The men also agreed that the woods were quite nice and that hiking through them might be rather pleasant if they had a choice, but they did not. Unfortunately, human nature dictated that anything, no matter how pleasant it is, can become hateful if you feel you must do it. Just ask anyone who’s ever entered a pie-eating contest.
That’s a short excerpt from An Unwelcome Quest when a group of the characters are forced to trudge through a forest trail, slashing away at wolves and staying on guard for other possible, life-threatening dangers. The context is less important here than the actual message we can all take home and apply to our own lives.
Let’s say that you enjoy writing and you enjoy telling stories.

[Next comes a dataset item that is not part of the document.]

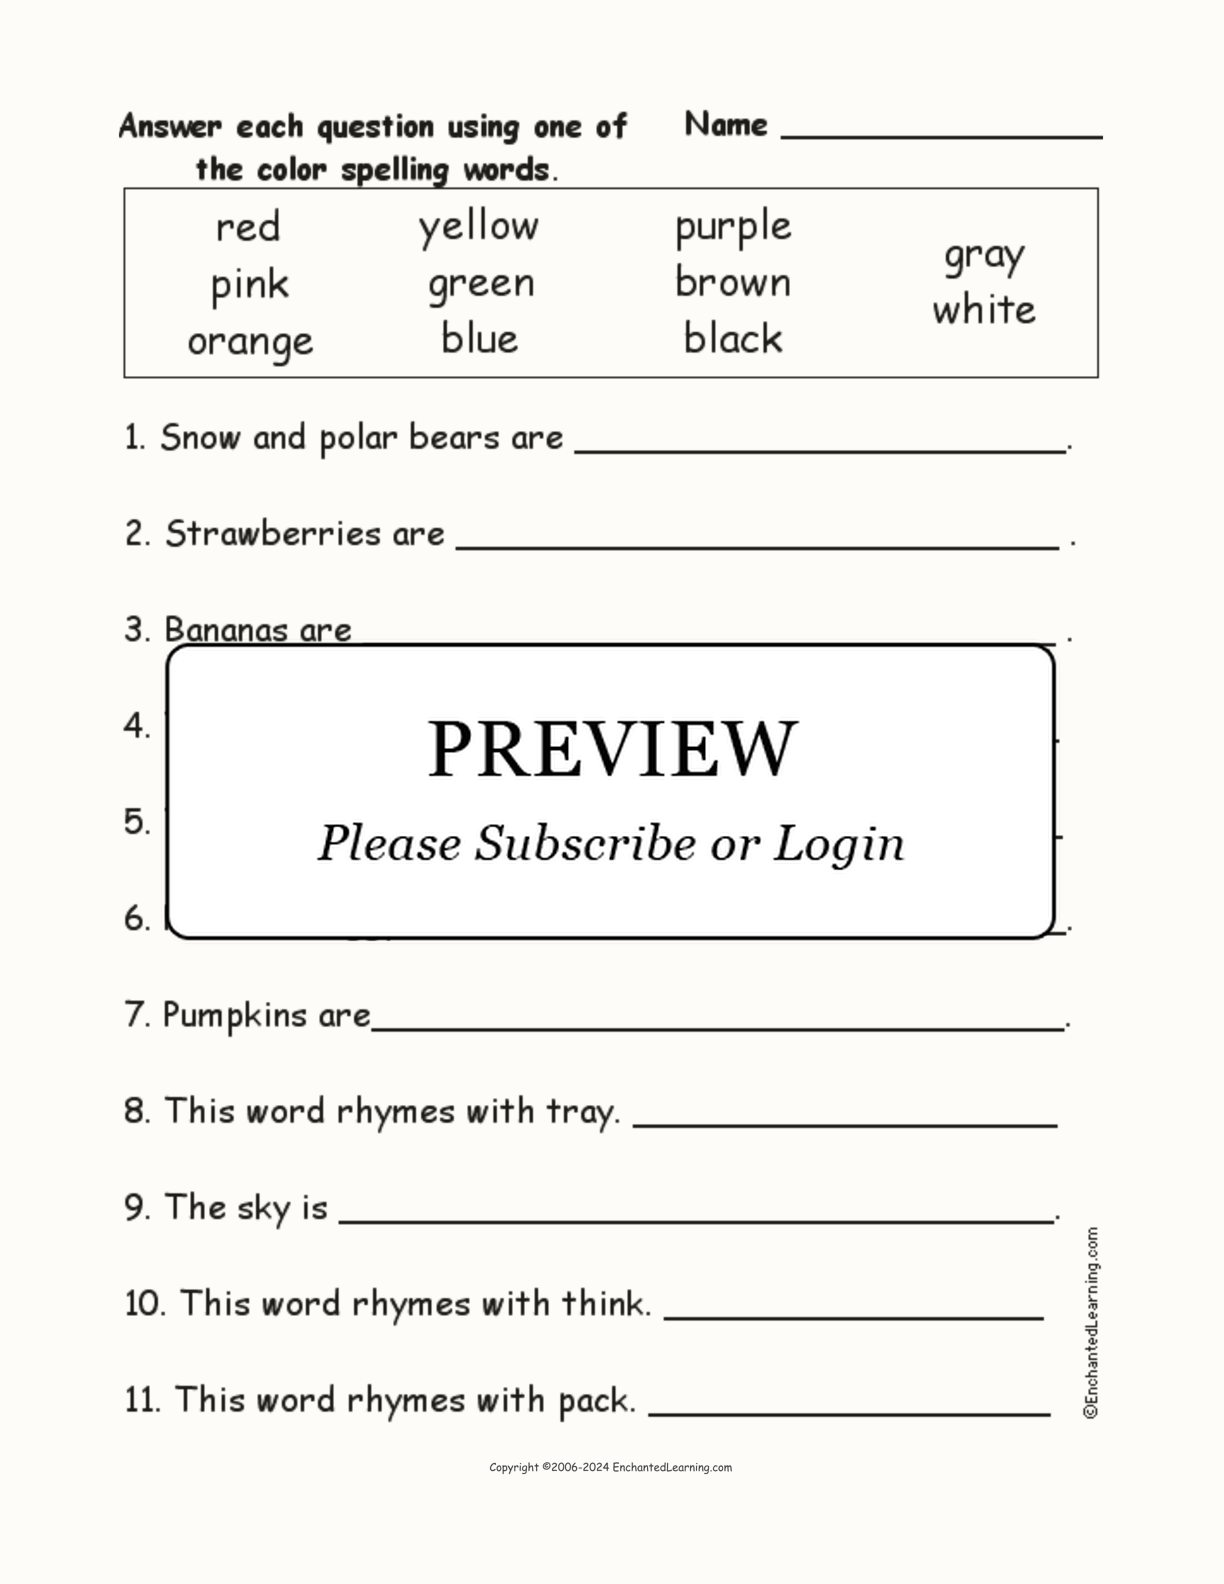 Color Spelling Word Questions interactive worksheet page 1

You decide to get yourself a free website on WordPress.com or on Tumblr where you can share these stories with your friends. You do it for fun, because it makes you happy. Then, somewhere along the way, you learn that you can actually make money from blogging. Maybe you stumbled across this blog and it opened up a whole new world of possibility.
So, you start to learn about what it takes to be a successful blogger, paying much closer attention to considerations like SEO and ad networks and affiliate marketing and list building and mobile friendly design and all the rest of it. You learn about content strategy and how you probably should be blogging at least once a week, if not more often.
This isn’t a problem at first, but then your well of ideas starts to run dry. You feel like you would rather go shopping or play video games or ride your bike than sit down at your computer to pump out your next blog post. What was once a pleasurable experience — writing something on the Internet for everyone to read — has turned into an obligation. A chore. A burden.
Do What You Love?
No matter how pleasant the original activity may have once been, it can “become hateful if you feel you must do it.” At that point, you might feel like you’re not blogging because you want to, but rather because you have to.
Does this mean you should give up on blogging entirely and go chase some butterflies in the park instead? No, not at all! It just means you need to recognize why you are experiencing these feelings in the first place, so you can figure out how to work through them. The truth of the matter is that doing what you love doesn’t mean that you’re going to love every moment of it. There are going to be hard times and frustrations.
You just need to remind yourself why you WANT to do this in the first place, whether it’s blogging, Internet marketing, app development, web design… or a quiet hike through the woods.